¹Department of Computer Science, Pachaiyappa’s College for Women, Kanchipuram, Tamil Nadu, India

²Department of CSA, SCSVMV University, Kanchipuram, Tamil Nadu, India

*Corresponding Author:: Yasodha P
Department of Computer Science
Pachaiyappa’s College for Women
Tamil Nadu, India

Accepted on May 29, 2017

DOI: 10.4066/biomedicalresearch.29-17-155

Visit for more related articles at Biomedical Research

Abstract

Now a day, a vast amount of medical data is available which can be efficiently utilized for diagnostic procedure by adopting data mining concepts. The main objective of this paper is to use effective data mining approach on huge amount of ovarian cancer dataset to identify the diseases in an efficient way. Thus, in this paper propose a novel approach for identifying ovarian cancer using combined Self- Organizing Maps Immune Clonal Selection (SOMICS) and Grammatical Evolution Neural Networks (GENN). SOMICS algorithm used for better feature selection which is used for extracting valuable, implicit, and interesting information from vast amount of medical data and GENN is used for classification process. The experimental results show the comparison of the proposed method and other classification methods using three various classifiers such as, Support Vector Machine (SVM), Multi- Layer Perceptron (MLP), Feed Forward Neural Network (FFNN). The combined SOMICS and GENN method yields promising results on classification and feature selection accuracy for ovarian cancer dataset with 98.23% classification accuracy, 0.0021% mean square error.

Keywords

Data mining, Grammatical evolution neural networks (GENN), Self-organizing maps immune clonal selection (SOMICS) algorithm, Ovarian cancer.

Introduction

Ovarian cancer is the fifth most cancer for the women after the breast cancer, uterus cancer, bowl cancer and lung cancer [1]. The ovarian cancer identified from the women during their menopause that is having the above 50 ages but this disease affects the women at any age. As same as the other cancer, the ovarian cancer also does not having the symptoms but the progress growth of the cancer has been noticed by pelvic pain, bloating, swelling [2]. The spreading areas of the cancer in the women body is bladder, lymph nodes, lungs, lining abdomen and the liver. The survey in the United States, 2012, which was conducted on 22,280 women for diagnoses the ovarian cancer 15,500 patients are died from it and the estimation provides that 95% percentage of the women has minimum ovarian cancer syndrome for one year [3]. Thus the risk level of the cancer increased women’s life time and it created several problems such as they never have the children, and creates problem in menopause stage during their life time [4]. So, the accurate identification, reliable cancer diagnoses and treatment process should be improved to overcoming these difficulties for the women. Then the evaluation of the ovarian cancer is enhanced by enormous amount of dataset because it has various potential information [5]. Thus the big data approach based huge volume of dataset is used for diagnose the ovarian cancer because it has different types of patient information not only size, complex, heterogonous, volumonial and longitudes data [6]. These data’s are used to make the smarter decision and also it consumes the lower cost. There are five reasons [7] how the big data approach helps during the cancer identification process. This paper handling the data mining and big data techniques to obtain the knowledge based system for identifying and detecting the ovarian cancer from the huge volume of unorganized dataset. Thus the main contribution of the paper is as per following: initially the feature set is minimized by applying the Self-Organizing Maps Immune Clonal Selection (SOMICS) approach which reduces the data set for selecting the optimized features. Then the classification is performed by Grammatical Evolution Neural Networks (GENN). The performance evaluation is made with the several existing methods such as Support Vector Machine (SVM) [8], Multi-Layer Perceptron (MLP) [9], and Feed Forward Neural Network (FFNN) [10].

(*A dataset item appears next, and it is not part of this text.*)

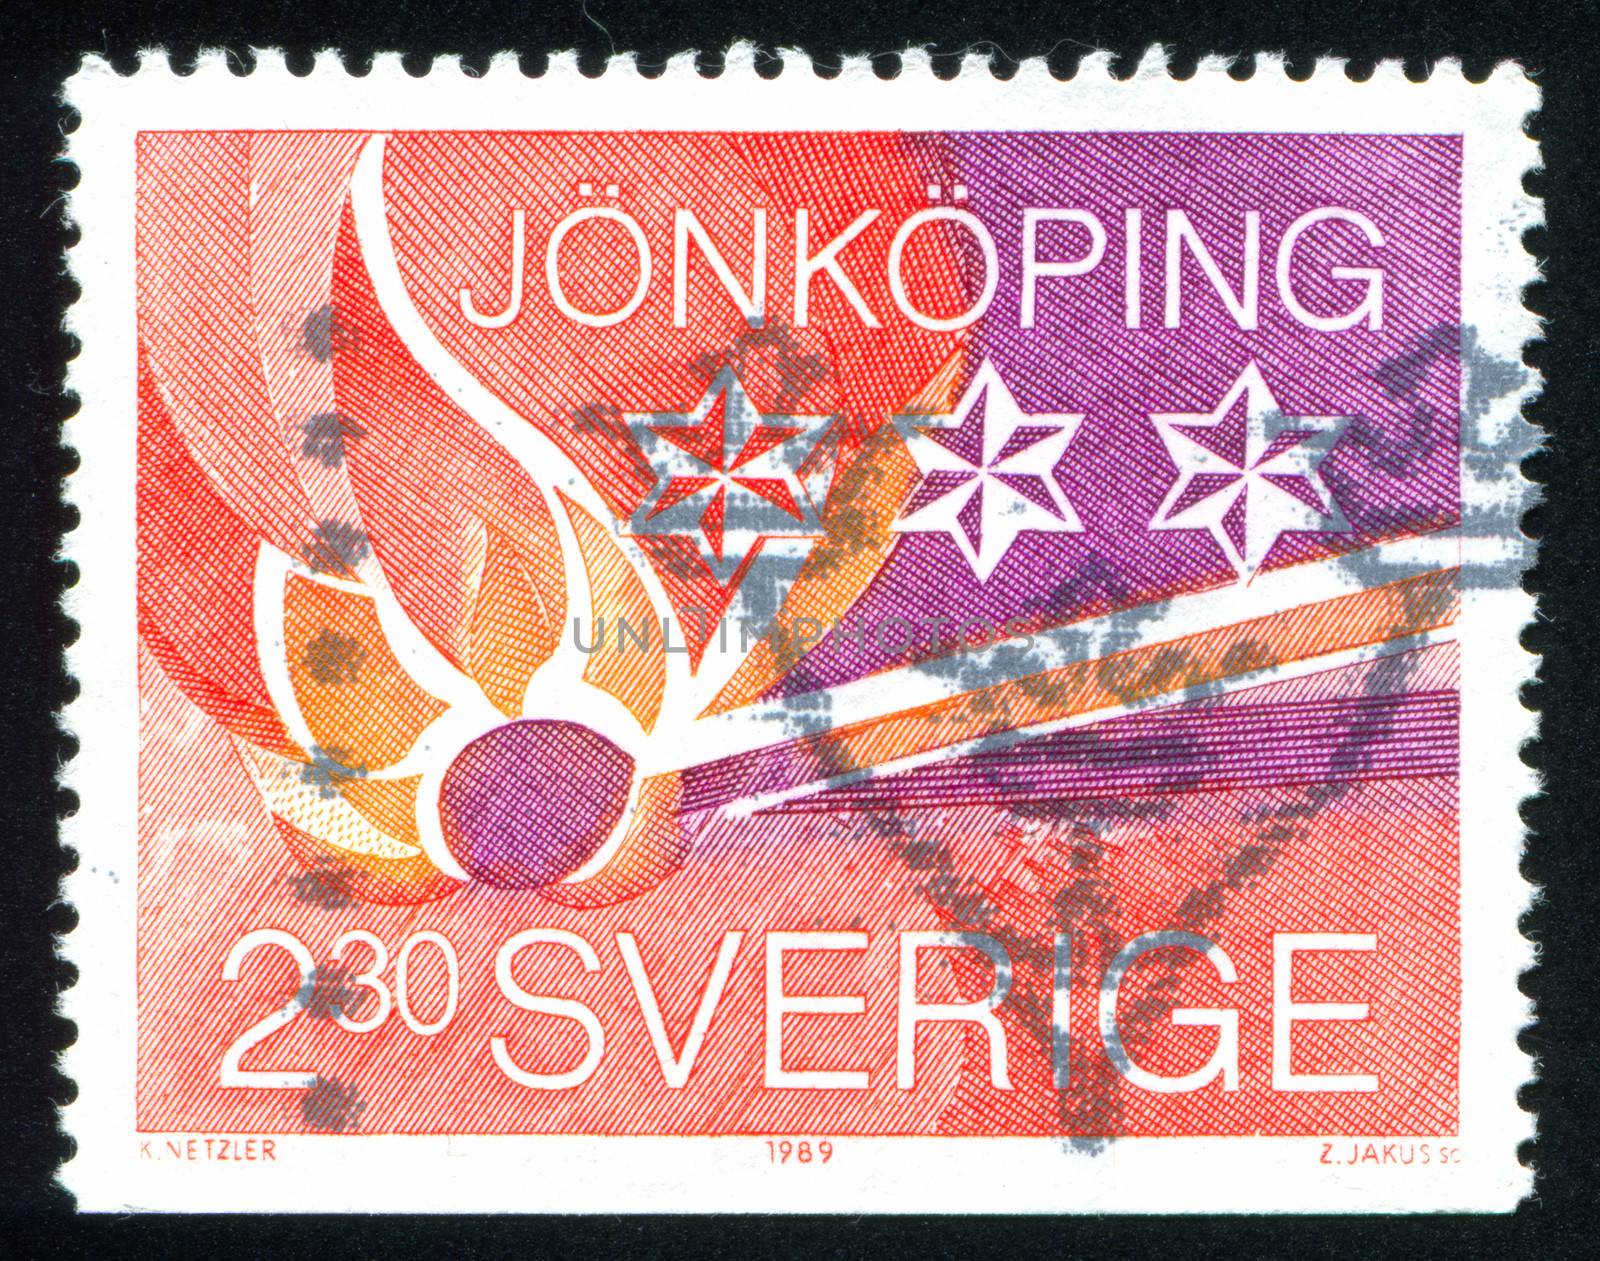 SWEDEN - CIRCA 1989: stamp printed by Sweden, shows Matchsticks, circa 1989
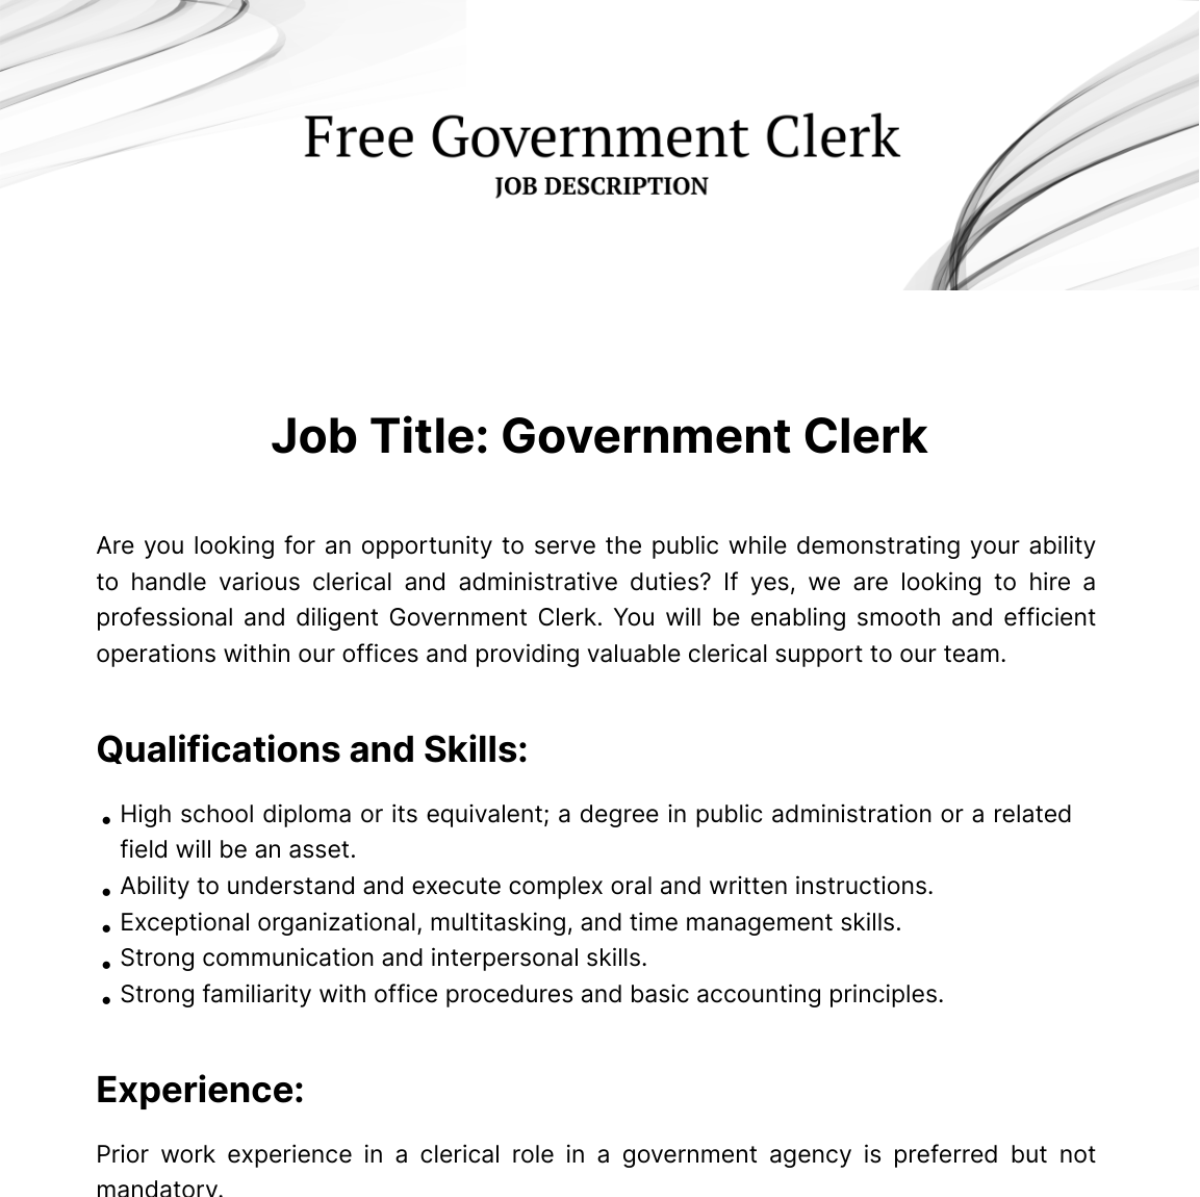 Free Government Clerk Job Description Template

Big Data Health Informatics

Big data in the sense it has huge collection of the information, it is normally represented by using the velocity, veracity, volume, variety and value terms [11]. In big data volume represents the size of the data, veracity represents that the genuineness of the information, velocity measures the pace at new data generation, variety represents that the different complexity of the information and value used to measure the quality of the data. Thus the big data approach is used to store the health informatics which is used during the disease diagnoses and the treatment. In this paper the big data based data set is used to analyse and detect the ovarian cancer because, the data set consist of multi scale information such as MRI details, recording, treatment, disease related symptoms, DNA micro data and so on. In the health informatics data set having different level [12] of health information which are mention as follows, bioinformatics, neuro informatics, clinical informatics, public health information, micro level data which means molecules, tissue level data, MRI details, patient level data such as monitored information, mission data and social data which are retrieved from the social medias such as Face book, twitter, Google and so. The social media data having the list of patient and user queries, doubts and general symptoms which are used during the diagnosis, treatment and prescription. Then the overall goal of big data analysis in the health informatics is providing the different variety of data’s with low cost and high quality. The sample big data based health informatics [13] is shown in the following Figure 1.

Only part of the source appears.